Transformation of ciliates was attempted with a circular plasmid containing a chromosomal DNA of the hypotrichous ciliate Stylonychia lemnae by calcium phosphate-mediated transfection. The plasmid, designated Tubingen-3, was constructed from a bacterial plasmid, a gene for neomycin resistance derived from a vector for the cellular slime mold Dictyostelium, and a 1.2 kb macronuclear chromosomal DNA of Stylonychia. Transformants were obtained at a frequency of one per 104 to 105 of input cells in Stylonychia lemnae and at a lower frequency, one per 10 6, in Tetrahymena thermophila. The vector when simply linearized by digestion with restriction enzymes failed to give transformants, whereas when the vector was linearized so as to have short telomeric sequences at both ends, effective transformation was again observed. The Dictyostelium vector, pCERF DRpl4, with a segment of DNA that contained the putative origin of replication was found, unexpectedly, to be effective in transforming Stylonychia cells. The origin of replication in Stylonychia and Dictyostelium might thus be functionally similar.

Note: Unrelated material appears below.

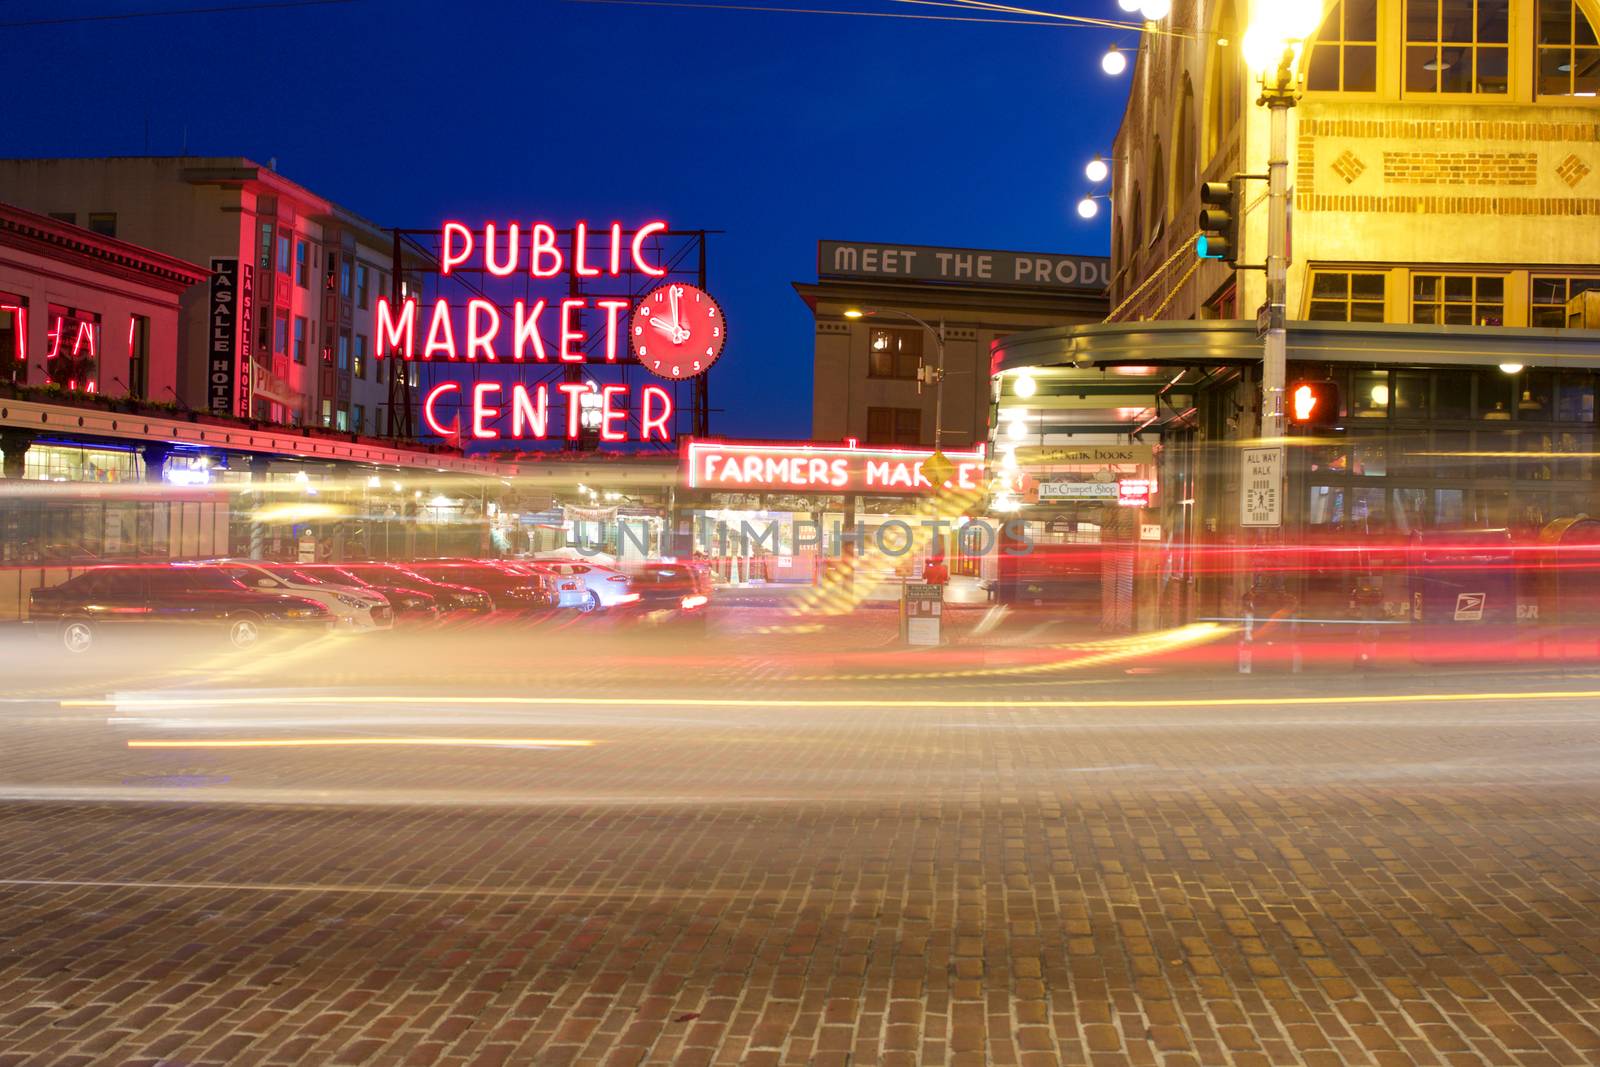 Pike Place Public Market Center Sign at Night by jhlemmer
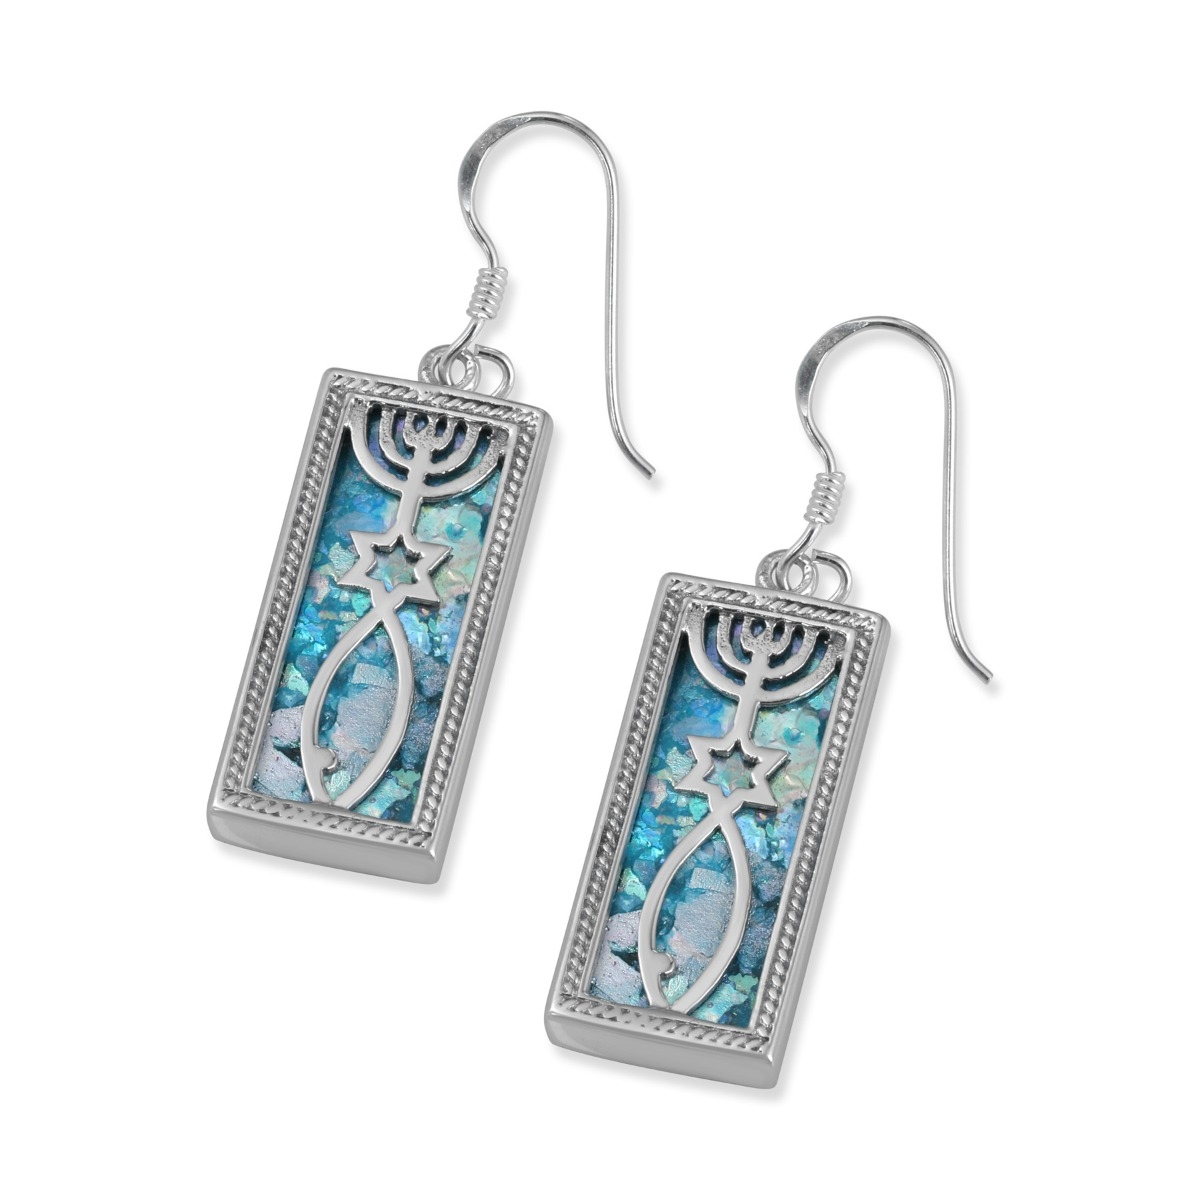 Noa Studios Sterling Silver and Roman Glass Filigree Rectangle Grafted-In Earrings - 1

用Stylonychia lenae巨核DNA衍生的环状质粒转化纤毛虫
用含有次毛纤毛虫(Stylonychia lenae)染色体DNA的环状质粒,通过磷酸钙介导转染,对纤毛虫进行了转化。该质粒命名为Tubingen-3,由细菌质粒、细胞黏菌Dictyostelium载体衍生的新霉素耐药基因和Stylonychia的1.2 kb大核染色体DNA构建而成。在Stylonychia lemnae中,每104到105个输入细胞中有一个转化体,而在嗜热四膜虫中,每106个输入细胞中有一个转化体。用限制性内切酶对载体进行简单的线性化处理,不能得到转化子,而将载体进行线性化处理,使两端的端粒序列较短,再次观察到有效的转化。不料,Dictyostelium载体pCERF DRpl4的DNA片段包含了假定的复制起源,被发现能有效地转化Stylonychia细胞。Stylonychia和Dictyostelium的复制起源可能在功能上相似。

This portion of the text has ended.